Big Data is a term used to describe a collection of data that is huge in volume and yet growing exponentially with time. In short such data is so large and complex that none of the traditional data management tools are able to store it or process it efficiently. The importance of big data doesn’t revolve around how much data you have, but what you do with it.

IT is a combination of structured, semistructured and unstructured data collected by organizations that can be mined for information and used in machine learning projects, predictive modeling and other advanced analytics applications.

Big data comes from different sources, such as business transaction systems, customer databases, medical records, internet clickstream logs, mobile applications, social networks, scientific research repositories, machine-generated data and real-time data sensors used in internet of things (IoT) environments.

BigData’ could be found in three forms:

  1. Structured:

    Any data that can be stored, accessed and processed in the form of fixed format is termed as a ‘structured’ data.

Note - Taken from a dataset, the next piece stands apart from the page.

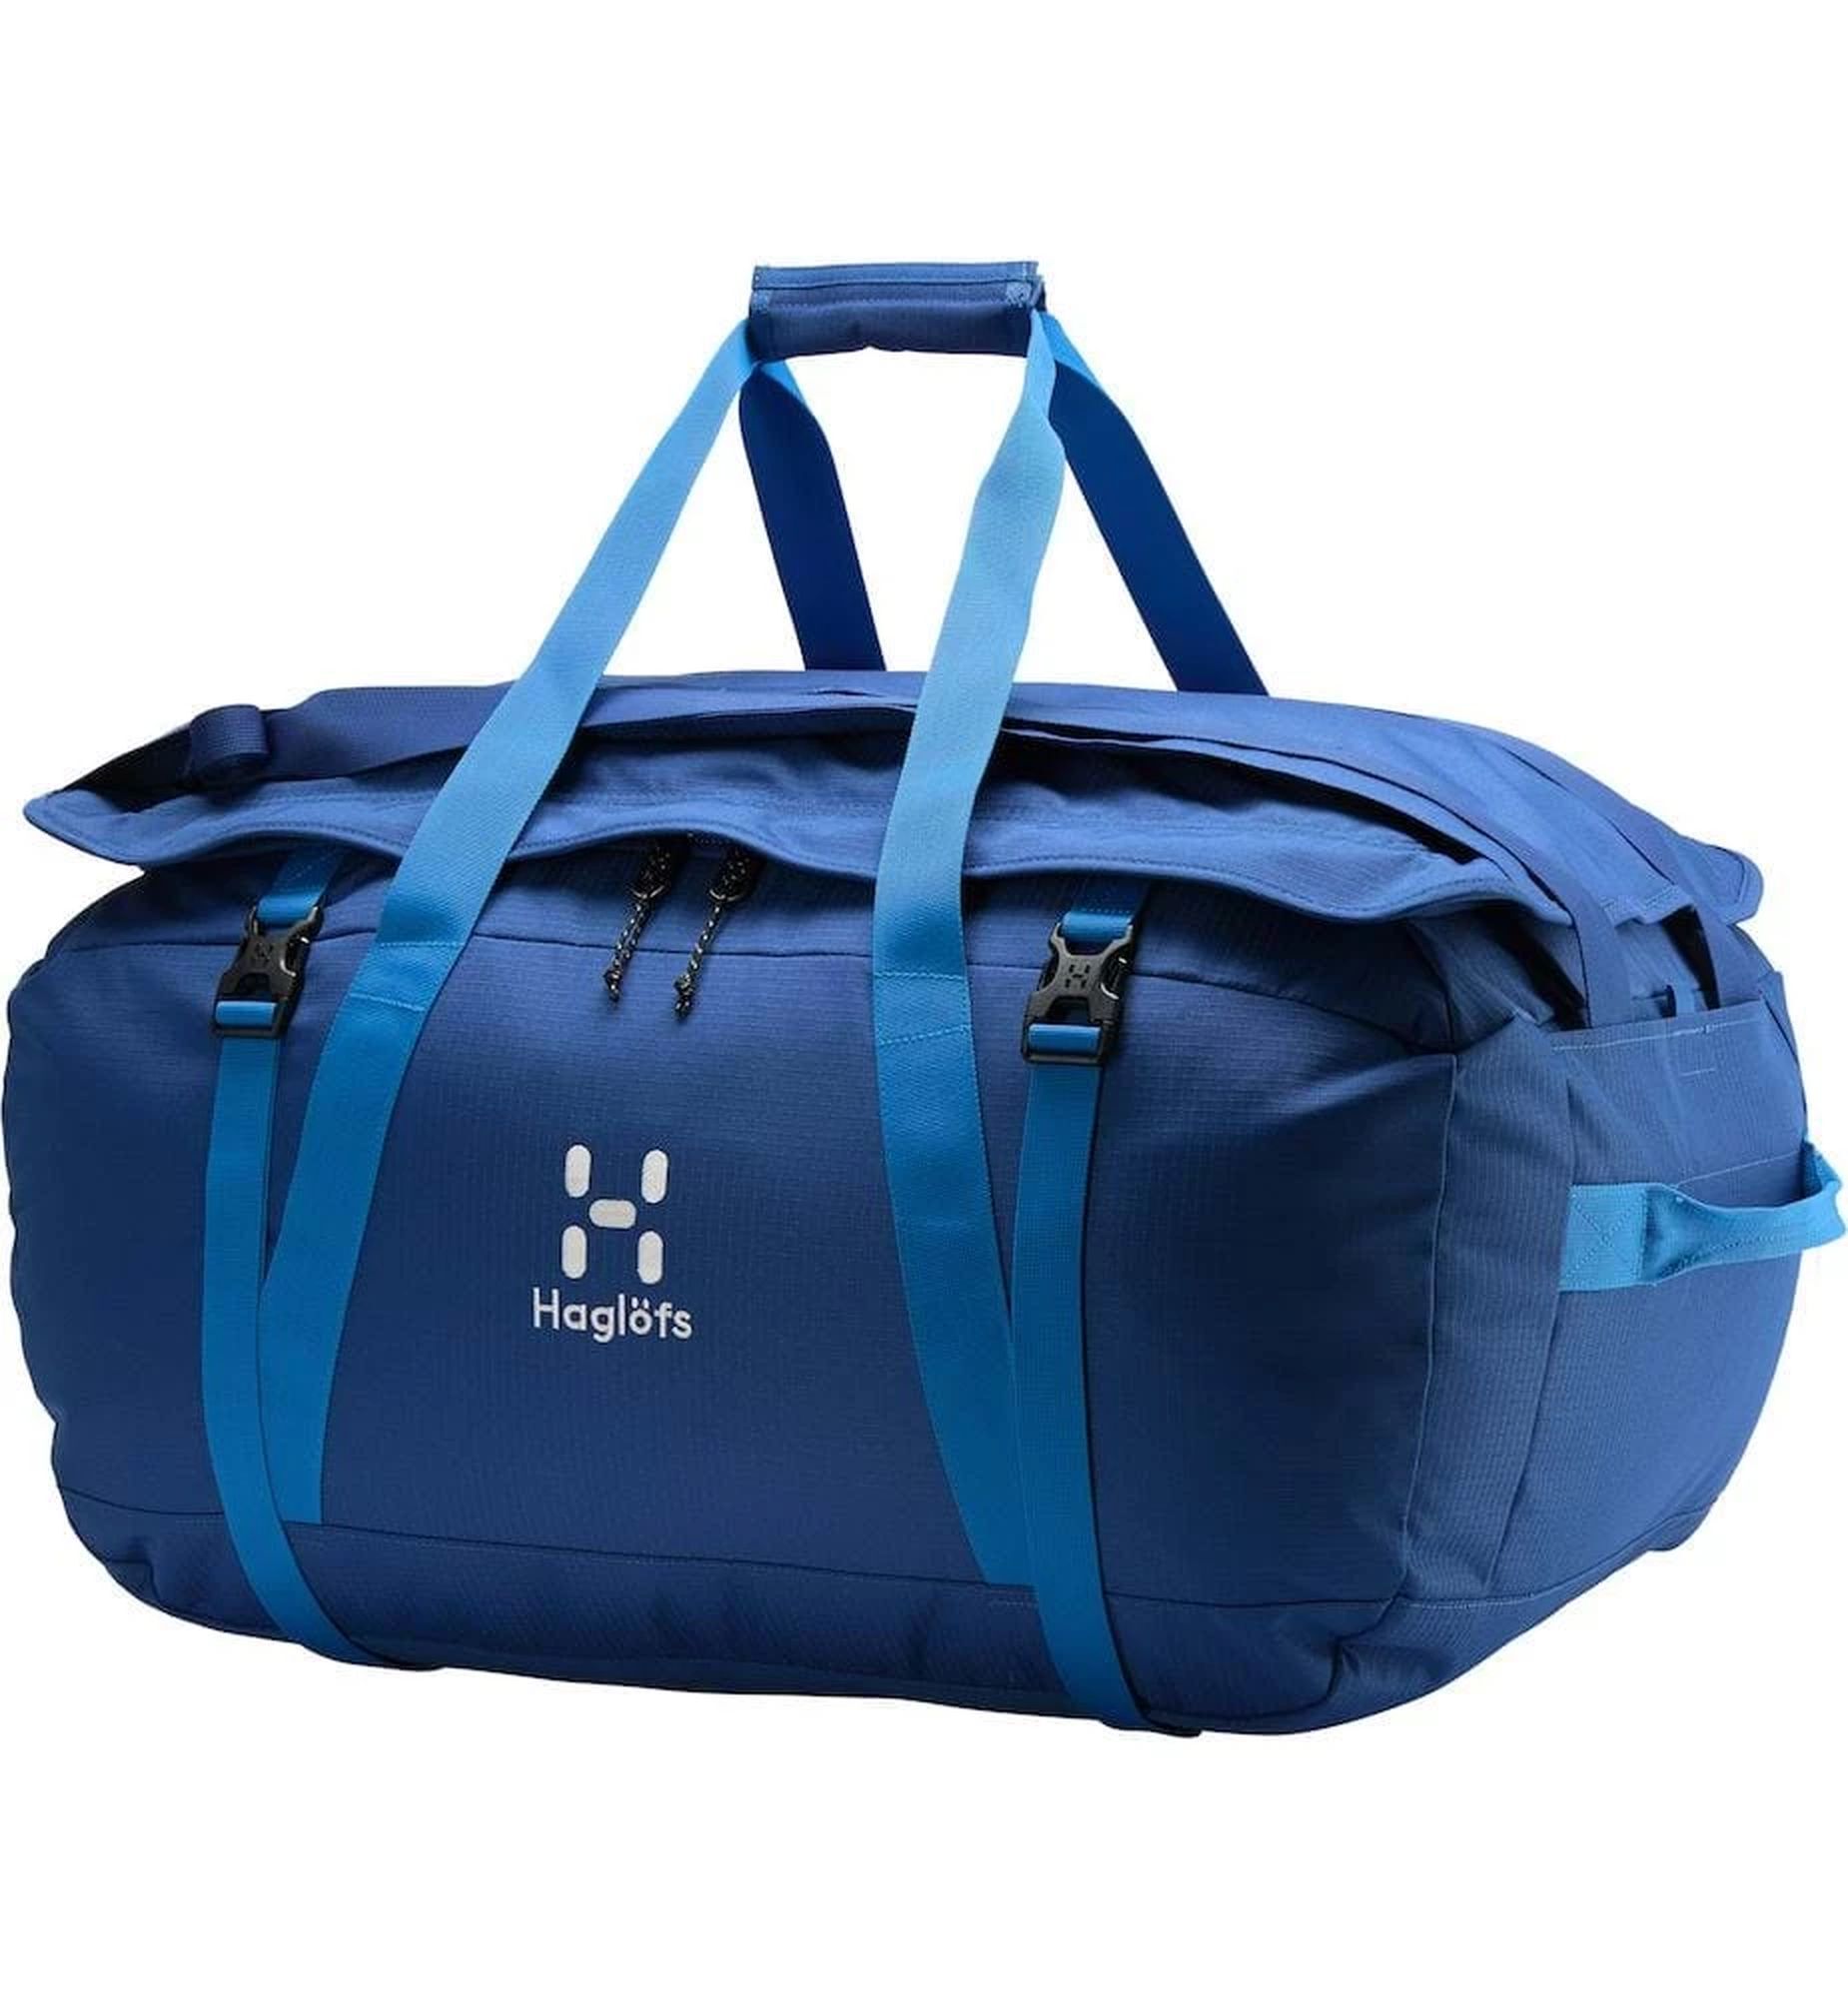 Haglöfs Cargo 90 - Hiking backpack | Hardloop

    Example: A simple excel sheet

  2. Unstructured:

    Any data with unknown form or the structure is classified as unstructured data. In addition to the size being huge, un-structured data poses multiple challenges in terms of its processing for deriving value out of it.

    Example: the rsualt of a google search

  3. Semi-structured:

    Semi-structured data can contain both the forms of data. We can see semi-structured data as a structured in form but it is actually not defined with e.g. a table definition

    Example of semi-structured data is a data represented in an XML file.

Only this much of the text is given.